Larcombe is also a spokesperson for the Conveyancing Task Force and on behalf of that organisation he says: “Property lawyers face being dragged into a digital Wild West, where opaque algorithms shape the evidence. And when things go wrong, it is professional indemnity insurers, not the law tech sellers, who will carry the blame.

“Government, meanwhile, risks repeating the mistakes of the past. HIPs should have been a warning. But the bigger threat is a political one. The spectre of another Post Office Horizon‑style IT scandal, where blind faith in technology, weak oversight, and a naïve belief in digital infallibility combined to produce catastrophic injustice.”
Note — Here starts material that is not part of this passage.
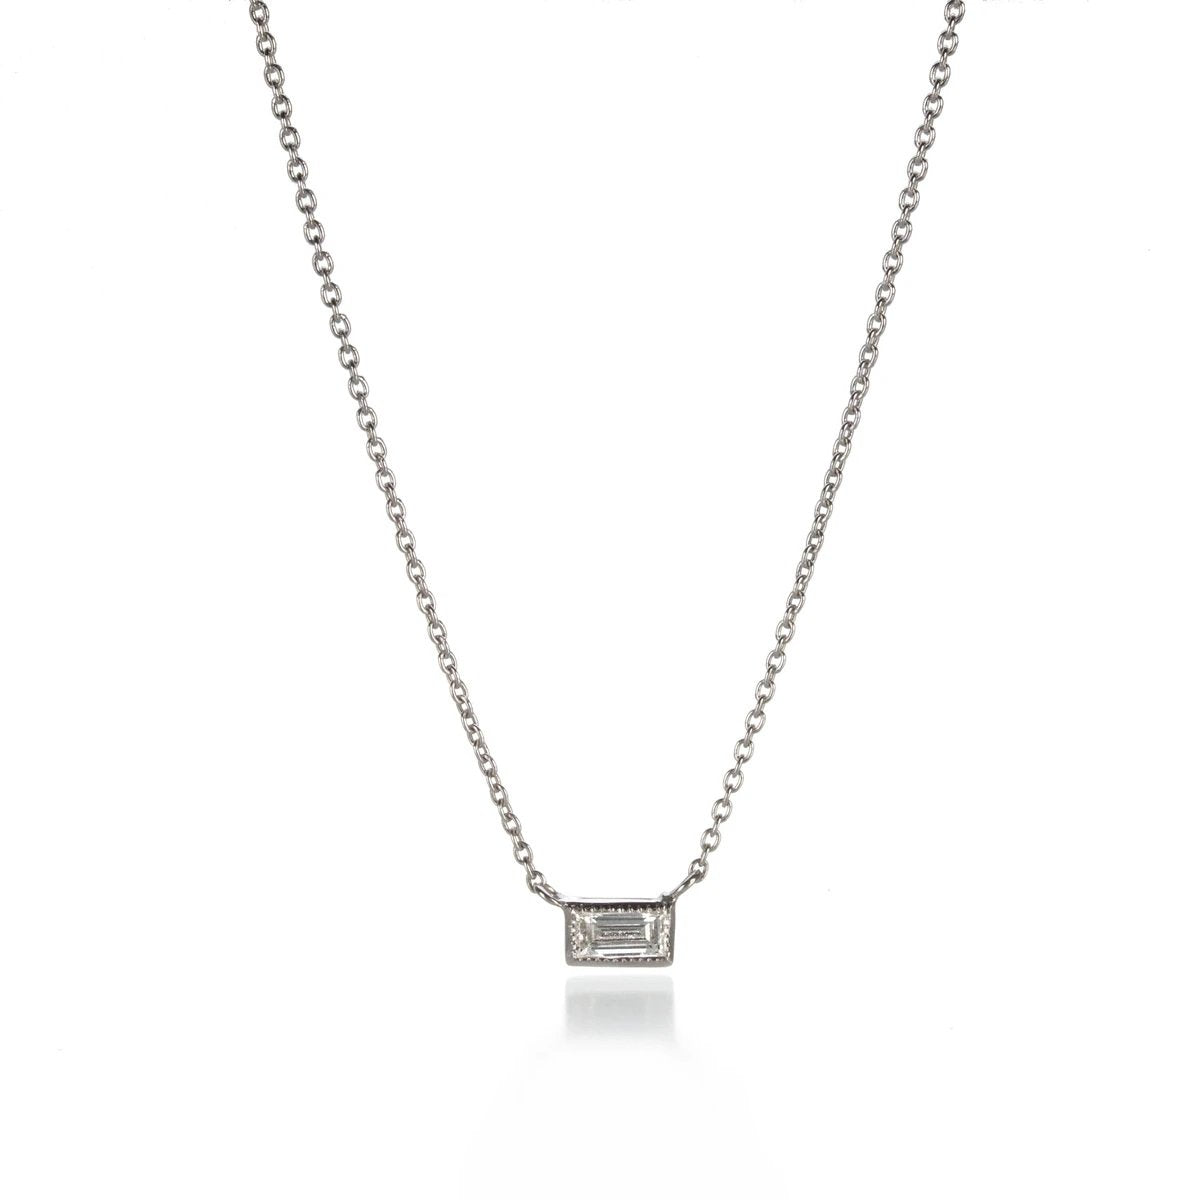 Silhouette 1 Stone White Diamond Necklace

But in a sign of splits in the conveyancing community, support for the government measures has come from the Council of Licensed Conveyancers (CLC).

A spokesperson for that group says it strong backs the reforms, adding: “The CLC has a long history of championing innovation and modernisation in the legal services market, particularly where it improves the consumer experience, and we stand ready to play our part, working with Licensed Conveyancers to deliver these changes.”

There’s support, too, from Lifetime Legal, which describes itself as “a leading provider of legal services to estate agency”.

It embraces the proposed changes with chief executive Rob Sendall saying: “For too long, moving home has meant unnecessary delay, duplicated paperwork and the constant risk that a sale falls apart at the eleventh hour.

“We see the human cost of this every day. Buyers and sellers invest time, money and emotional energy, only for transactions to collapse late in the process.

“This roadmap addresses the root causes head-on: missing upfront information, weak early commitments and a lack of digitalisation.”

And a new body led by high-profile conveyancing sector figure Rob Hailstone, says it’s keen to hear industry views on the reforms.